Le Cameroun au panthéon des lauréats Harubuntu 2008. –

C’est Afric Aura (la voie africaine) concept mis au point par Joseph Danjie, cameraman à la Crtv, en poste à Ngaoundéré qui porte le Cameroun à cette grande fête culturelle qui a lieu à Bruxelles en Belgique le 20 octobre 2008. Comme Aron accompagnait Moïse, Vincent Ndoumbè, le réalisateur de télévision qu’on n’a plus besoin de présenter sera aux côtés de Joseph Danjie.
Harubuntu est une association dont le but est de promouvoir la coopération au développement solidaire Sud-Nord et Est-Ouest par la réalisation d’actions favorisant la reconnaissance des identités culturelles et l’échange sur pied d’égalité. Pour ce faire Harubuntu organise régulièrement un concours “des porteurs d’espoir et créateurs des richesses africaines.”
Afric Aura, c’est 52 tableaux sur le même nombre de thèmes et sur les perspectives africaines face à la mondialisation.
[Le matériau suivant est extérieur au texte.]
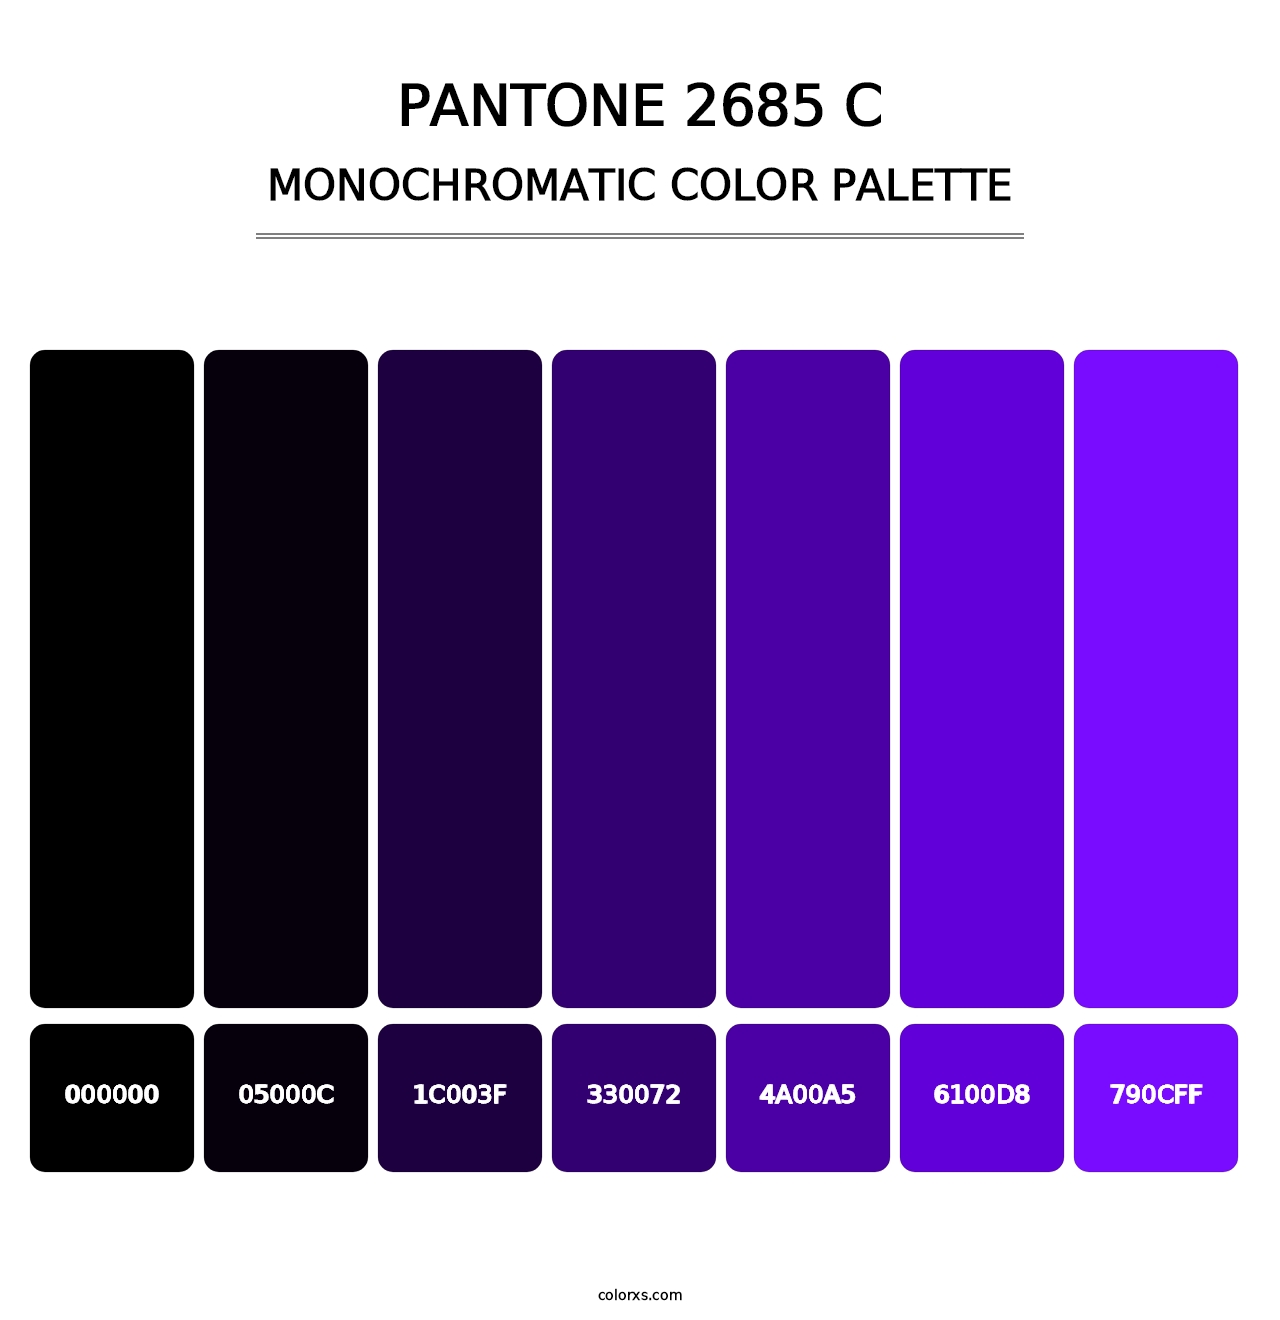 PANTONE 2685 C - Monochromatic Color Palette

Ils vont du berceau de l’Humain au rêve africain en passant par féminité plurielle, à la croisée des destins, trace de sacré, l’art en solidarité, justice et paix, génération de gagneurs, du grenier à la banque… Et chacun des tableaux a une explication instructive ou émouvante.
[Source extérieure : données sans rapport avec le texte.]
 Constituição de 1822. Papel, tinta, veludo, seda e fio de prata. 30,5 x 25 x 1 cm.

Afric Aura, c’est surtout un titre composé : Africa, le continent, et Aura, cette force vitale qui entoure chaque chose ou une personne et qui n’est pas toujours visible à l’œil nu. Ces deux termes, selon Joseph Danjie ont été assemblés pour “suggérer la dimension d’un rayonnement tel celui d’un continent comme l’Afrique”.
Afric Aura qui puise ses origines à travers une exposition de tableaux réalisés par des étudiants de l’Université de Ngaoundéré a inspiré à son tour des étudiants de l’Université de Massachusetts qui ont réalisé Americ Aura. Comme jadis la force, la sueur et le sang des Africains ont contribué à édifier l’Amérique, des Africains ont servi de muse aux Américains. La globalisation en marche par le biais de l’art.